:: DATASET ENTRIES ::
§ §

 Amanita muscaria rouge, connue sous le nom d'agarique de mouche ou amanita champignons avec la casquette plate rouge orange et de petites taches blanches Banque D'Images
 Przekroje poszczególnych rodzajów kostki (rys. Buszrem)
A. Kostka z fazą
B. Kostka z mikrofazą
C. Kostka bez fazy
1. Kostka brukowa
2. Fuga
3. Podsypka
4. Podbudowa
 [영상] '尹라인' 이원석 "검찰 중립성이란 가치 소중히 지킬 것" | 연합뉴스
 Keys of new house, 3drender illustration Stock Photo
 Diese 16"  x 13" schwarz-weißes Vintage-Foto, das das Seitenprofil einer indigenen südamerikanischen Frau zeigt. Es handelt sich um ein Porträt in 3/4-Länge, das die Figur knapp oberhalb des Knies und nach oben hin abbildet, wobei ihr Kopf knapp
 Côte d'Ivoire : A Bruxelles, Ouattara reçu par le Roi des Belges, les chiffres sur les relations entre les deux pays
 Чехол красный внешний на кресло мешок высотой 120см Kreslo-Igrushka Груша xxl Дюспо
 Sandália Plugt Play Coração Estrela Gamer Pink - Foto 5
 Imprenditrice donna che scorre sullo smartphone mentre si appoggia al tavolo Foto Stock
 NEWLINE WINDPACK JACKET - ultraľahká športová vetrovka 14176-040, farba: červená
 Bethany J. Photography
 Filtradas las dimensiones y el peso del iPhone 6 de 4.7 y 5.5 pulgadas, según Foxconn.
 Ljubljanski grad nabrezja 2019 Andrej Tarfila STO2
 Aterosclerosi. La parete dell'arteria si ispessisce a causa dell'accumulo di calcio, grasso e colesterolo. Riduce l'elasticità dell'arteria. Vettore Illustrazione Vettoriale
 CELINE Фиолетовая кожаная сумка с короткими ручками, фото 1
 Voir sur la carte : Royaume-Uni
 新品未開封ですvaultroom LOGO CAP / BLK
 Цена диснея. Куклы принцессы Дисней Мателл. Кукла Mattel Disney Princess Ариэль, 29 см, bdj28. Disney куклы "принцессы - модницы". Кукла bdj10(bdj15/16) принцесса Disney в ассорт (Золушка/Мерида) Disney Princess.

§ §

:: EXERCISE ::
Everything from the line containing "NEWLINE WINDPACK JACKET" through the last line above should be set down exactly; include no other lines.

:: ANSWER BOX ::
 NEWLINE WINDPACK JACKET - ultraľahká športová vetrovka 14176-040, farba: červená
 Bethany J. Photography
 Filtradas las dimensiones y el peso del iPhone 6 de 4.7 y 5.5 pulgadas, según Foxconn.
 Ljubljanski grad nabrezja 2019 Andrej Tarfila STO2
 Aterosclerosi. La parete dell'arteria si ispessisce a causa dell'accumulo di calcio, grasso e colesterolo. Riduce l'elasticità dell'arteria. Vettore Illustrazione Vettoriale
 CELINE Фиолетовая кожаная сумка с короткими ручками, фото 1
 Voir sur la carte : Royaume-Uni
 新品未開封ですvaultroom LOGO CAP / BLK
 Цена диснея. Куклы принцессы Дисней Мателл. Кукла Mattel Disney Princess Ариэль, 29 см, bdj28. Disney куклы "принцессы - модницы". Кукла bdj10(bdj15/16) принцесса Disney в ассорт (Золушка/Мерида) Disney Princess.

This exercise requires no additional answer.